As an illustration, a typical modus operandi used by an influencer is to overmedicate the elder to the point that he or she becomes acquiescent or disoriented. The influencer then isolates the declining elder and poisons the relationships between the elder and his or her family members or friends. By manipulating and brainwashing the elder into thinking that the influencer is the only person who cares about the elder, the influencer convinces the elder that family members and others are plotting to steal the elder's money and are also conspiring to throw the elder into a nursing home. Along the way, the influencer promotes him or herself as the elder's rescuer.

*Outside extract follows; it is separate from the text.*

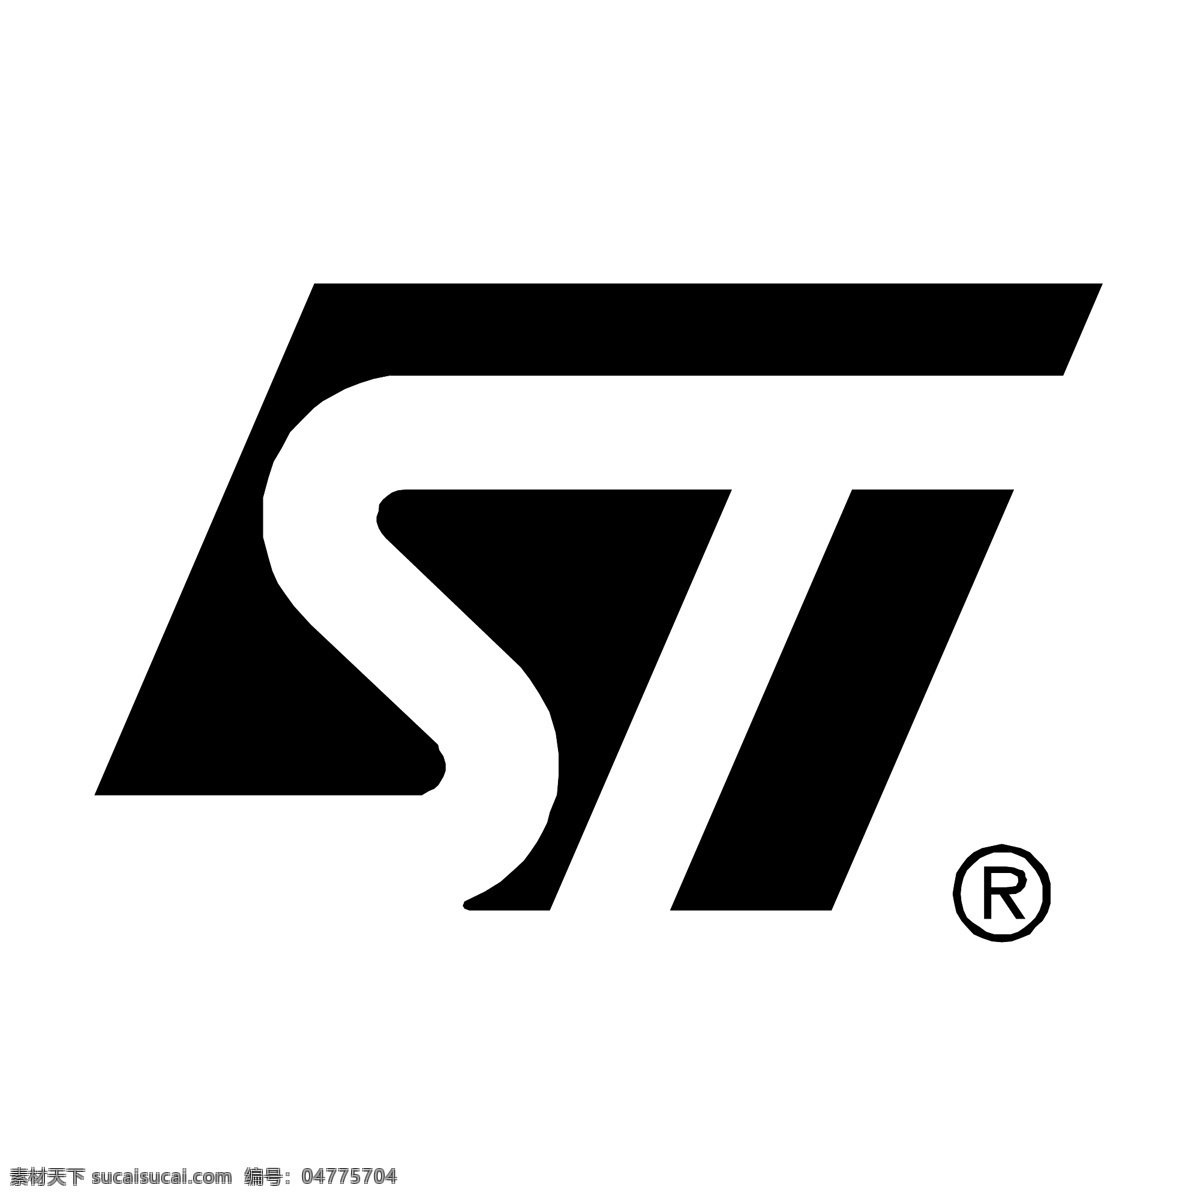 st微电子 矢量标志下载 免费矢量标识 商标 品牌标识 标识 矢量 免费 品牌 公司 白色

During Rooney's congressional testimony, he poignantly captured the difficulties faced by older adults in an abusive situation. He stated:

"Elder abuse comes in many different forms -- physical abuse, emotional abuse, or financial abuse. Each one is devastating in its own right. Many times, sadly, as with my situation, the elder abuse involves a family member. When that happens, you feel scared, disappointed, angry, and you can't believe this is happening to you. You feel overwhelmed. [...] Because you love your family and for other reasons, you might feel hesitant to come forward. You might not be able to make rational decisions. What other people see as generosity may, in reality, be the exploitation, manipulation, and sadly, emotional blackmail of older, more vulnerable members of the American public."

Mickey Rooney passed away in April 2014. To date, a federal law to stamp out elder abuse and bring the perpetrators to justice has not been created.